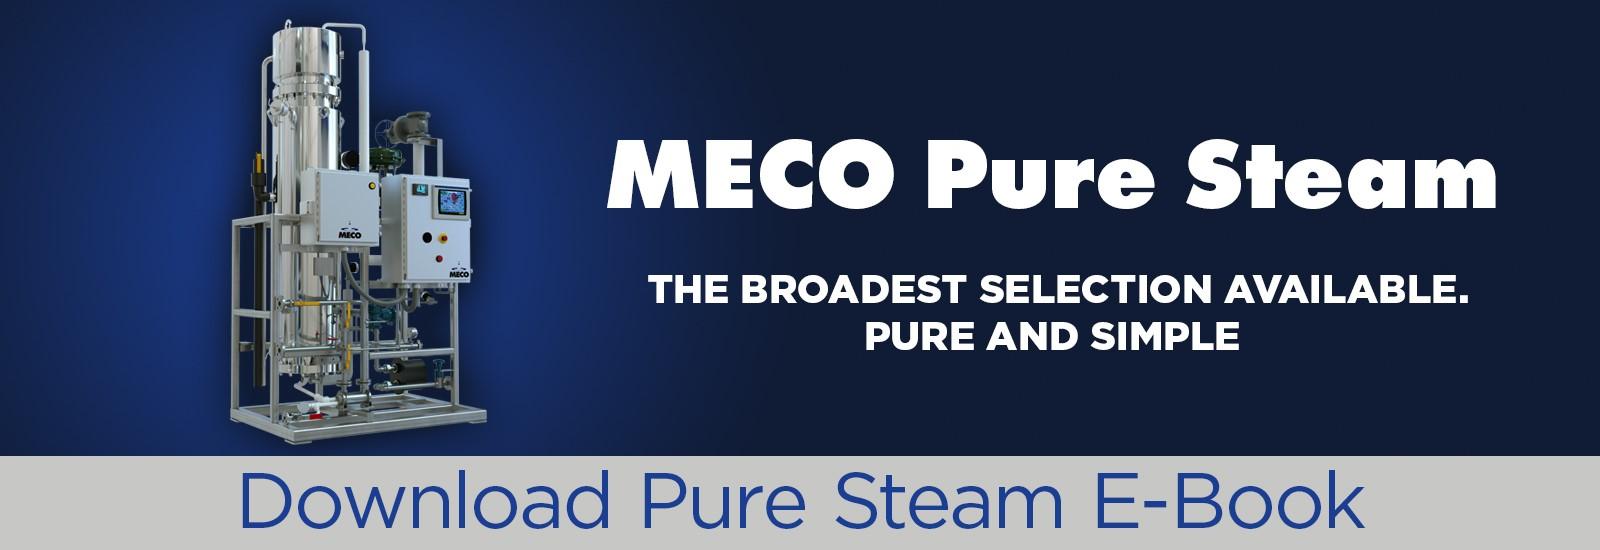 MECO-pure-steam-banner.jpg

:::

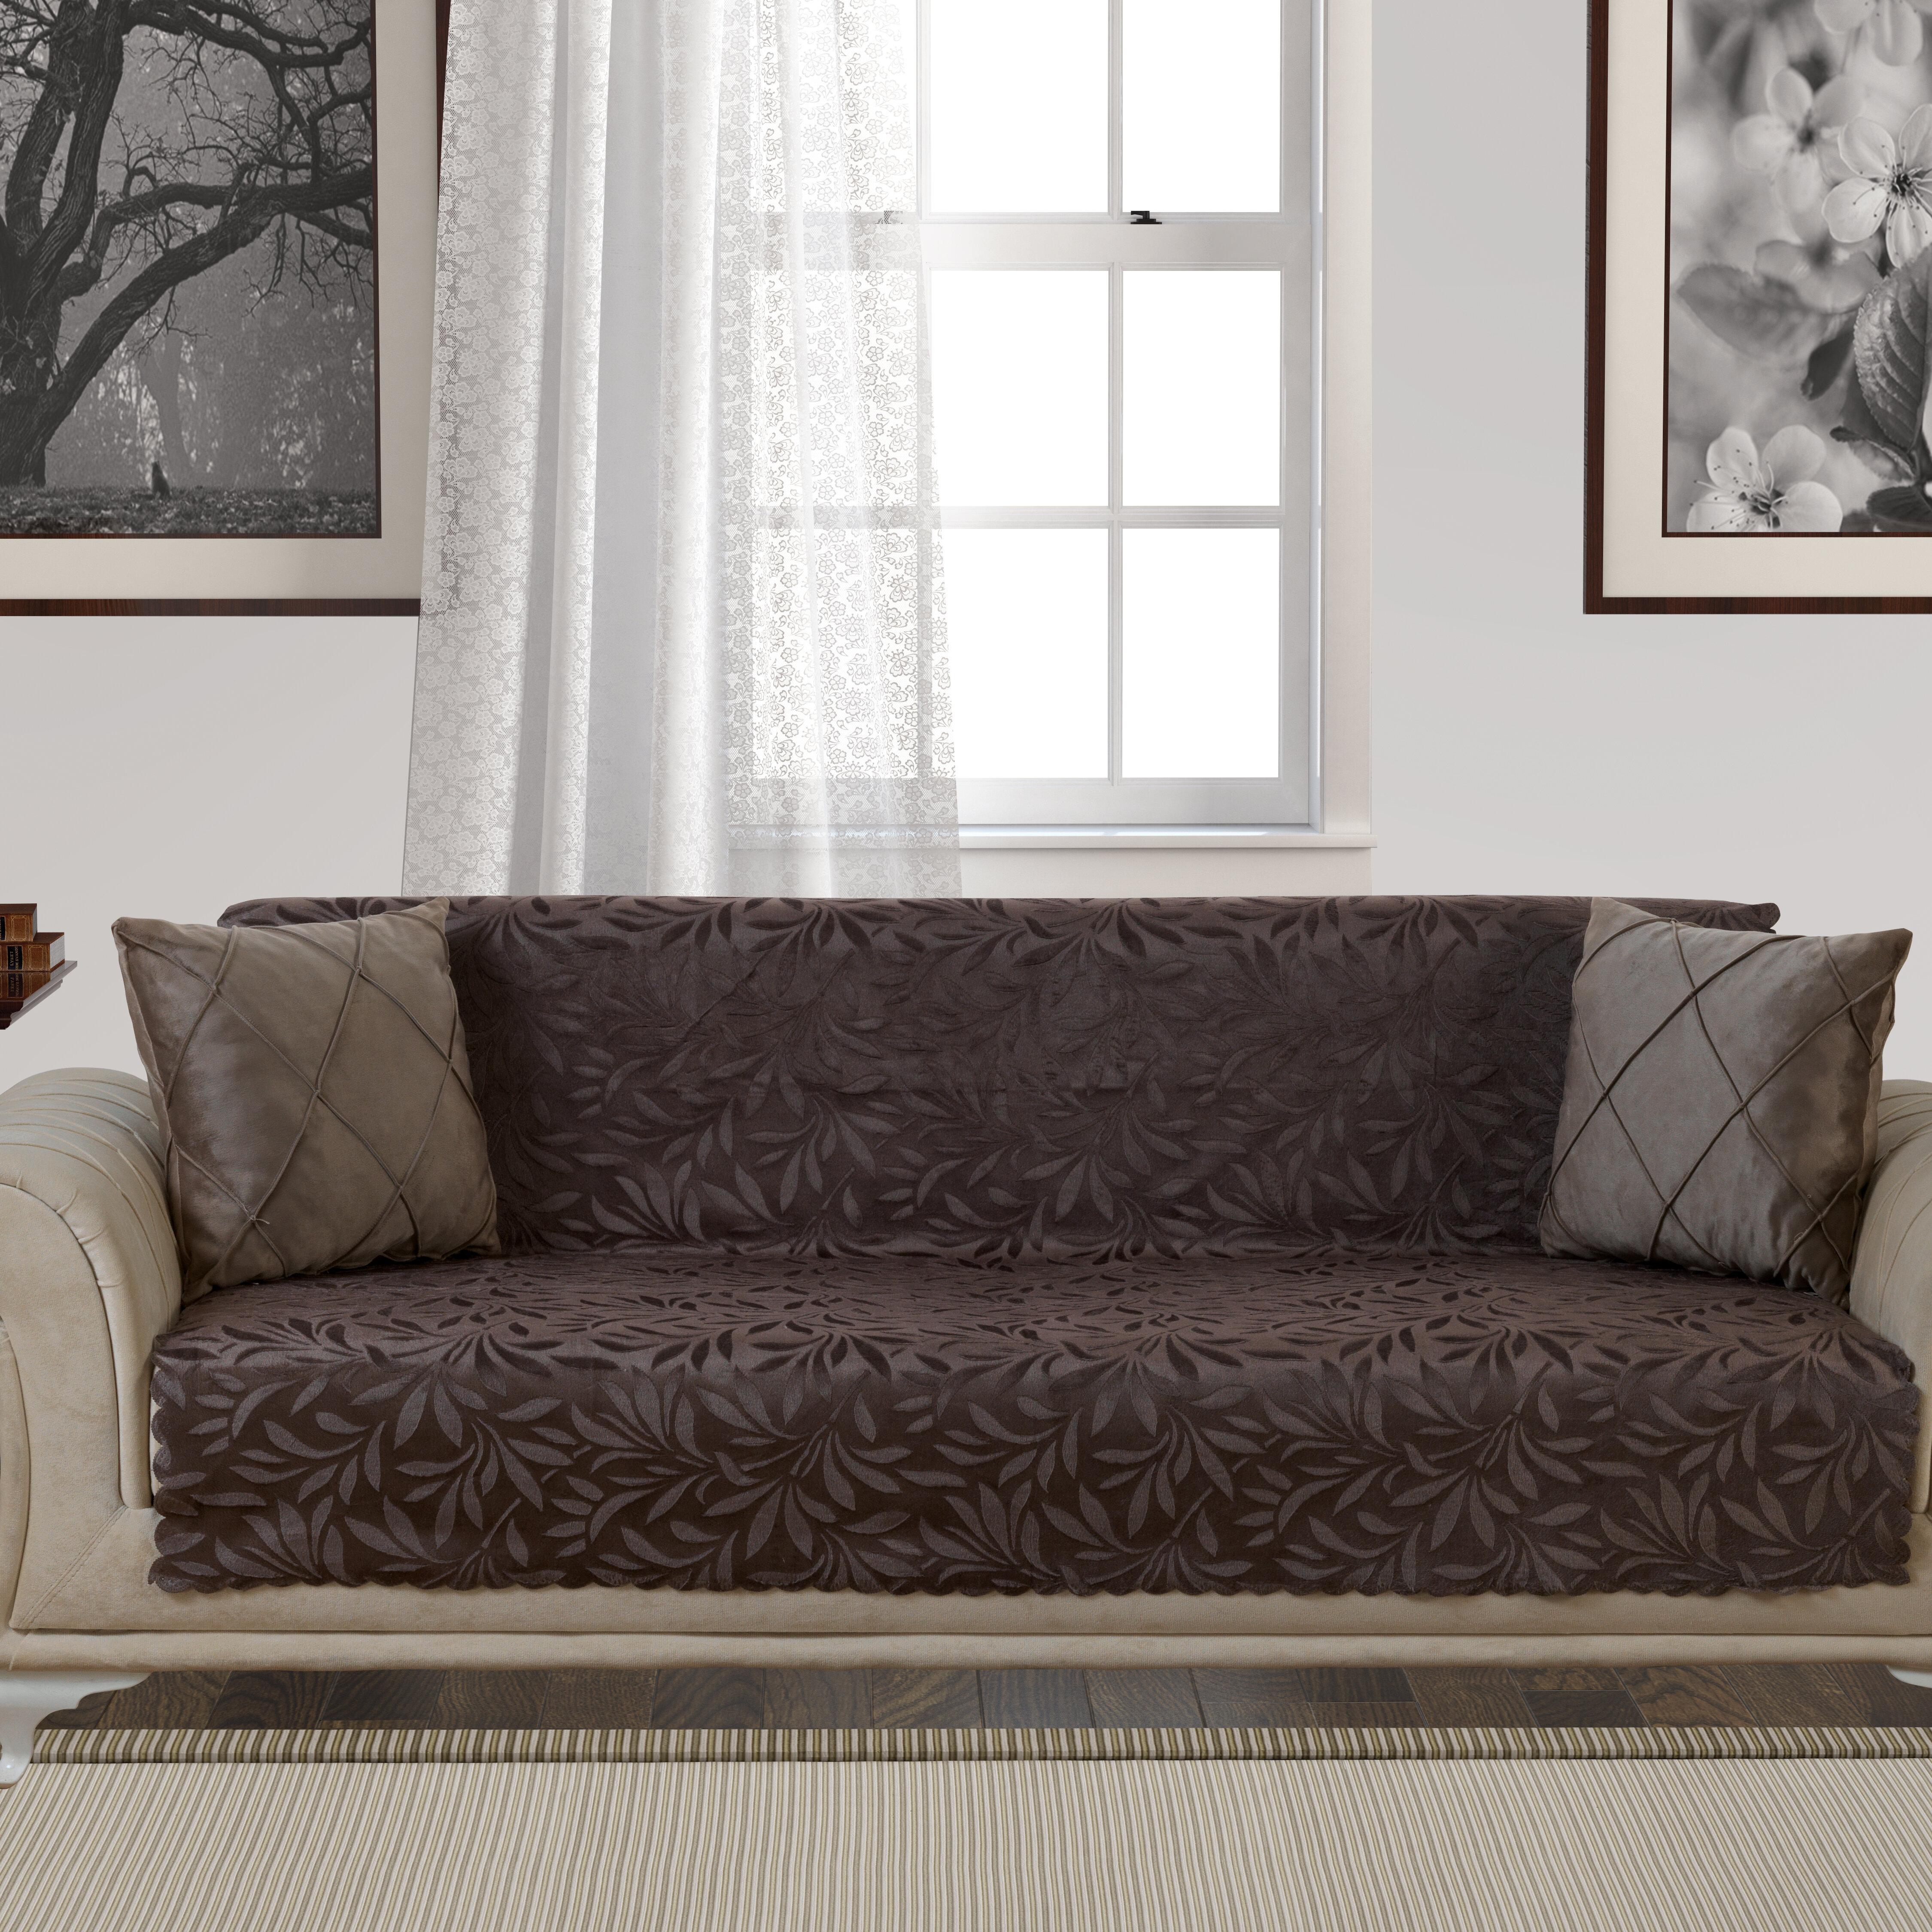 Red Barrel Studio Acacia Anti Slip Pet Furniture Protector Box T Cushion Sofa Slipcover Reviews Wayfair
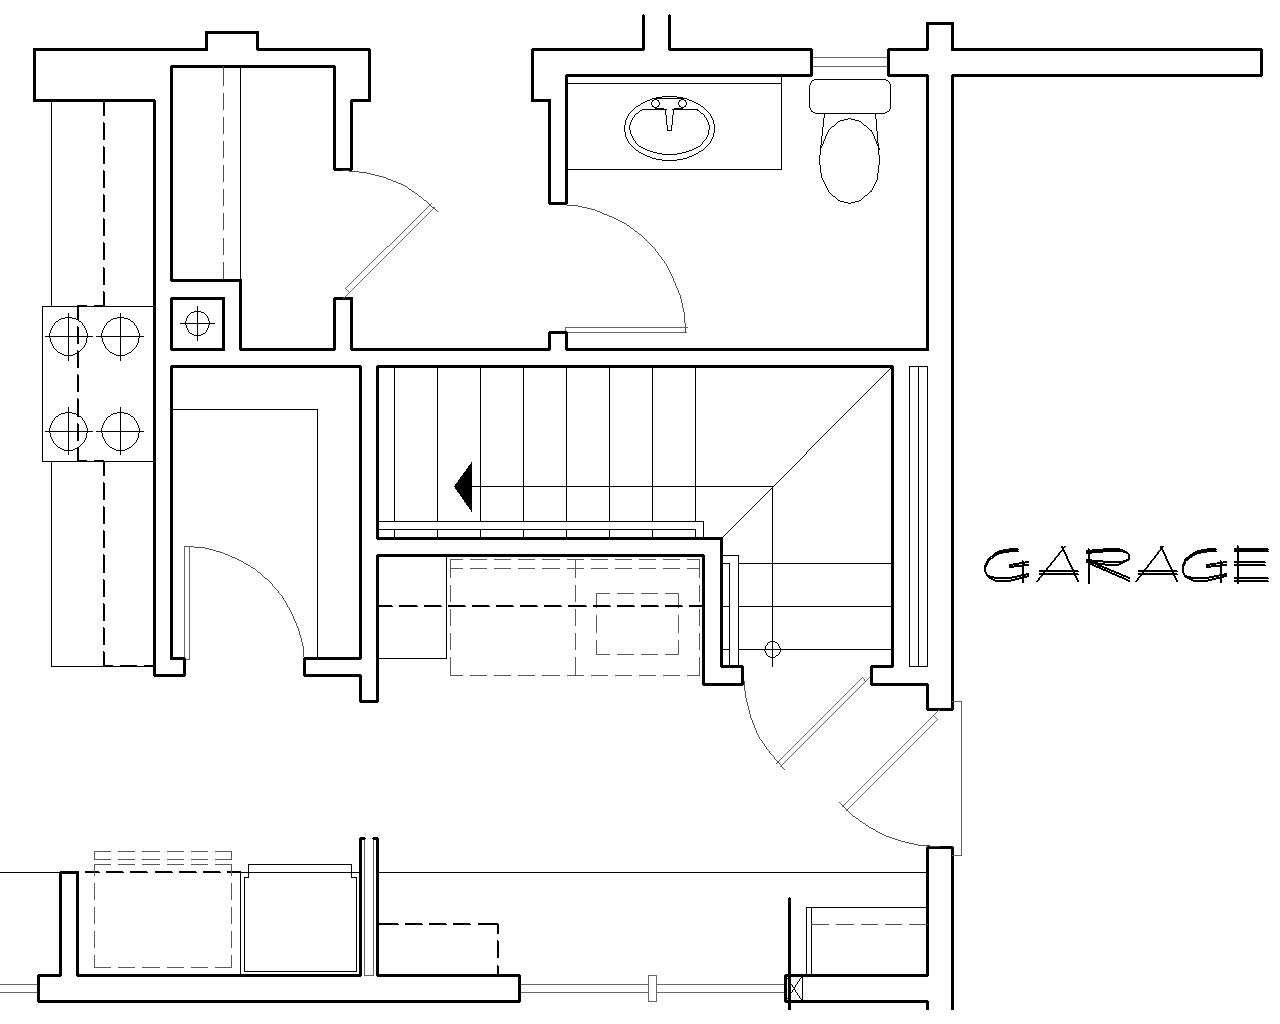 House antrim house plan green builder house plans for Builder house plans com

:::

WHAT TO PRODUCE: From the listing above, please give again the lines that begin with the line holding "Red Barrel Studio" and go on through the line holding "House antrim house", exactly, both ends included, minus any picture.

PROBLEM SOLUTION:
 Red Barrel Studio Acacia Anti Slip Pet Furniture Protector Box T Cushion Sofa Slipcover Reviews Wayfair
 House antrim house plan green builder house plans for Builder house plans com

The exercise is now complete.